This pinched perception has limited the ability of socialists to see a number of things objectively.  Leon Trotsky, for example, was so wrapped up in alienation and revolutionary fervor that he saw the period between 1905 and 1917 in Russia only as “years of reaction.”22   The failure to see the positive liberal-democratic developments occurring during those years led him into the nihilism of revolution against them.  Trotsky’s own eventual fate at the hands of Stalin’s assassin serves as ironic punctuation to Trotsky’s short-sightedness.

 

Allocation and Distribution

1.                   Socialists generally take the productive processes of the economy for granted as though they are givens.  They consider distribution the central issue.  Since distribution is separated from production in their thinking, there is little reason to want the distribution to reflect market processes.

Robert Heilbroner has caught the essence of it when he has spoken of the “privilege” within capitalism as stemming from “the right to reap private benefit from the use of the means of production.”23   We need to notice what this says:  it assumes the “means of production” as already present; and it considers any profit going to individuals a type of privileged dispensation.
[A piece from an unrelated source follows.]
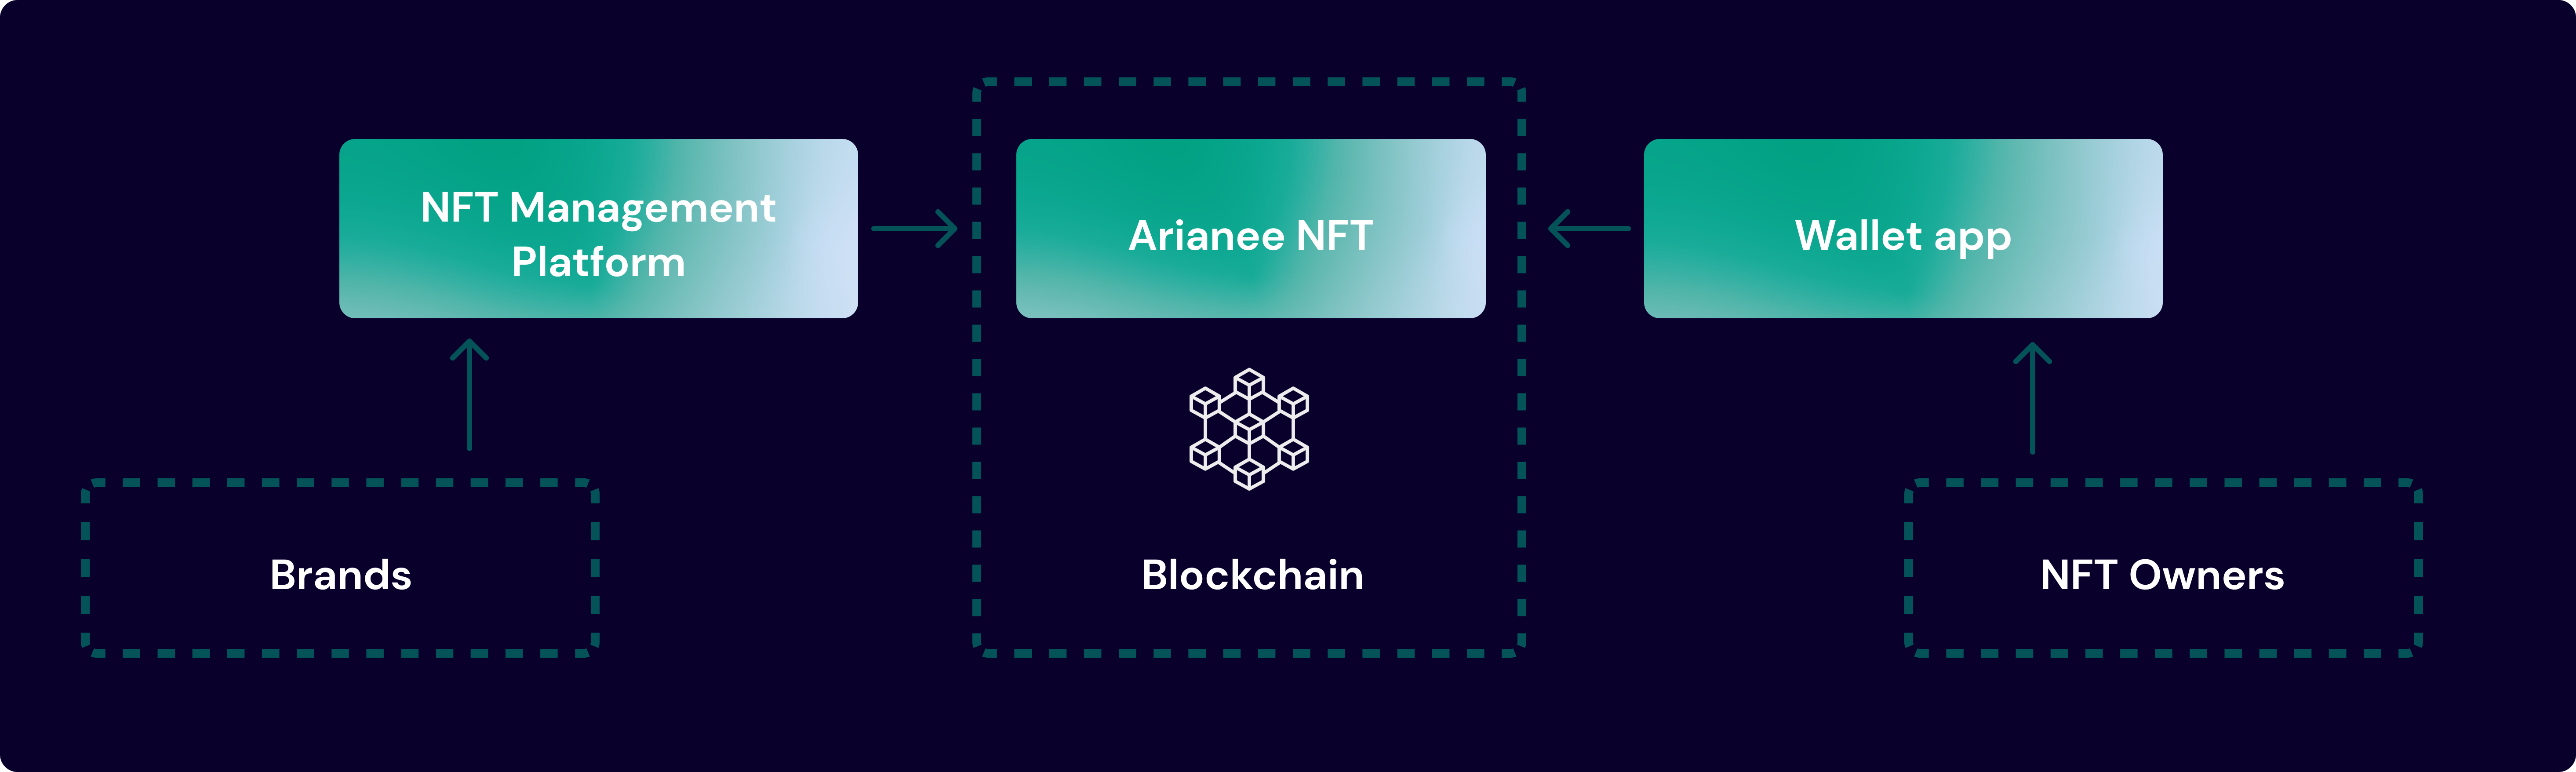 Arianee's ecosystem

Tragically for classical liberalism, John Stuart Mill accepted the collectivist ideal.   Mill expressed it well in his book on Comte:  “Every person who lives by any useful work, should be habituated to regard himself not as an individual working for his private benefit, but as a public functionary; and his wages, of whatever sort, not as the remuneration or purchase-money of his labor, which should be given freely, but as the provision meade by society to enable him to carry it on.”   Mill basically did not favor the classical liberal principle of remuneration-according-to-contract:  “The rough method of settling the laborer’s share of the produce, the competition of the market, may represent a practical necessity, but certainly not a moral ideal… Until laborers and employers perform the work of industry in the spirit in which soldiers perform that of an army, industry will never be moralized.”24   Accordingly, distribution would not be by contract, which is multi-centered, but by “the society” through its collective processes.  The market is criticized as neither fully moral nor rational.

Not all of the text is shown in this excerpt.